Сейчас город так велик, что улицы, протянувшиеся от взлобков холмов у реки извилистой линией, добежали до станции железной дороги, с маху перевалили через пути и пошли себе дальше вытягиваться и вытягиваться. Домам не хватало места, людям — жилья. И вот уже по другую сторону железнодорожного полотна вырос целый город, и вокзал теперь оказался чуть не в центре, как ни далек был он от старого города.

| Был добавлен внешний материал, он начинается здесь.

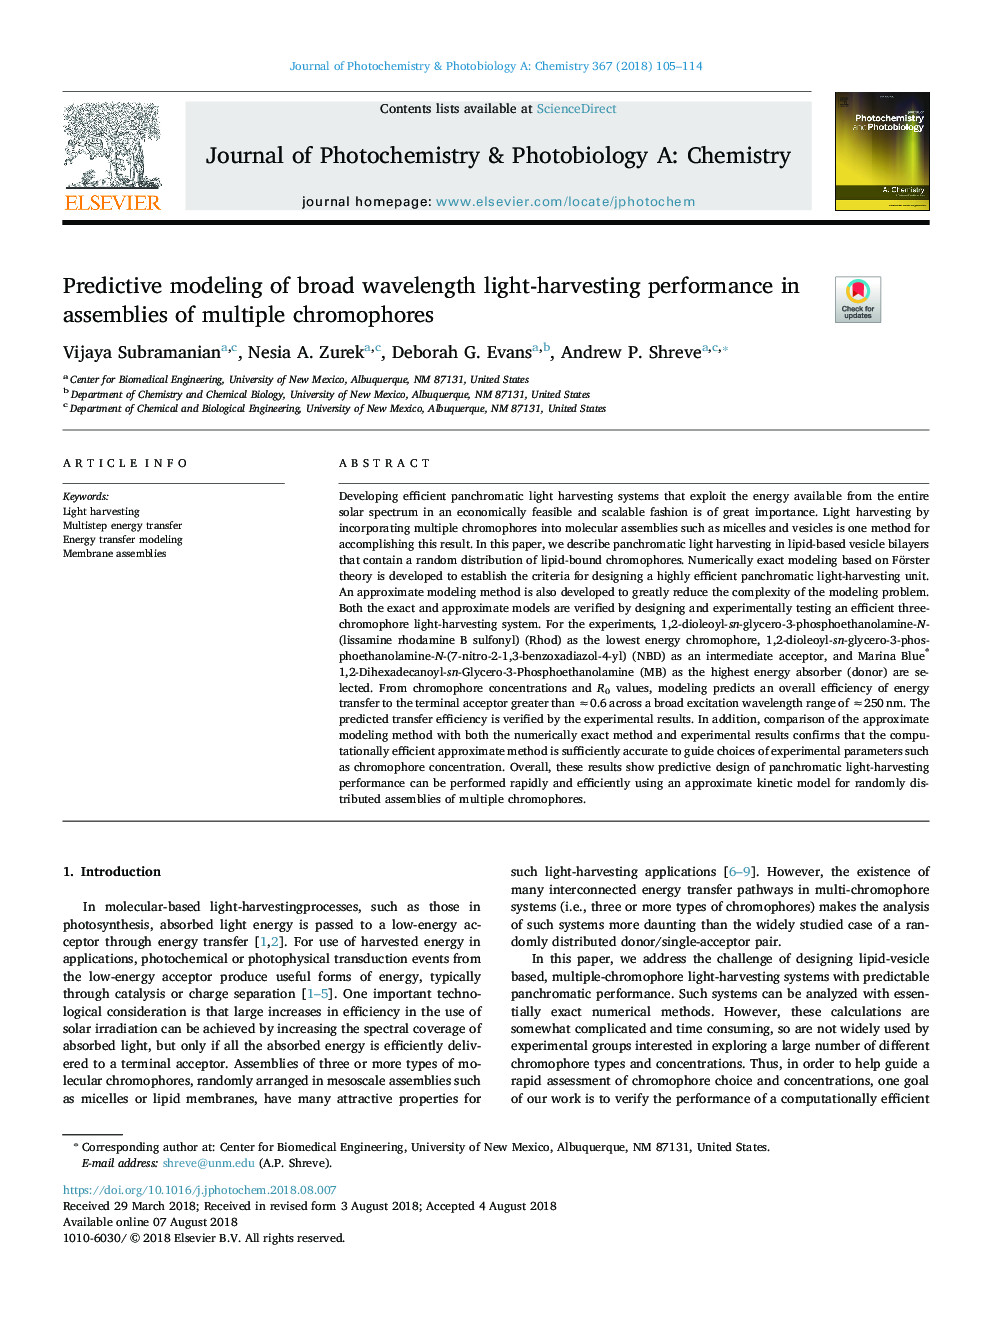 Predictive modeling of broad wavelength light-harvesting performance in assemblies of multiple chromophores

Трубы заводов виднелись теперь тут и там. Арсенал был уже не одиноким представителем промышленности — неподалеку от него вырос нефтеперерабатывающий завод, а там авторемонтный, потом судоремонтный. И в городском Совете решили, что новые заводы надо строить подальше от городской черты, так как дымная гарь все плотнее стала застилать чистый воздух над городом и в безветренные дни оседать на жилые кварталы, а это было очень нехорошо для здоровья. Портфели теперь терялись среди рабочих сумок. И, стараясь вернуть городу былую славу солнечного, на улицах все высаживали и высаживали деревья, и как ни съедали их беспощадно козы и как ни обдирали их мальчишки, веселая зелень тополей пронизала весь город, от улицы к улице, от площади к площади — теперь их было уже три! — и оделись улицы в асфальт, и весенние ливни уже не размывали больше желтую глину, на которой стоял город, и приезжие, командировочные или транзитные, уже стали называть город чистеньким. Видимо, для городов это такая же высокая похвала, как и для маленьких детей… А про три горы и две дыры стали забывать даже и старожилы, с тех пор как снесли в середине города деревянную пожарную каланчу, а на ее месте вырос большой светлый домина, в котором разместилось управление железной дороги. Впрочем, и старожилов из-за естественной убыли стало куда меньше, и старожилом называли теперь каждого, кто хоть немного застал город в его прежнем виде.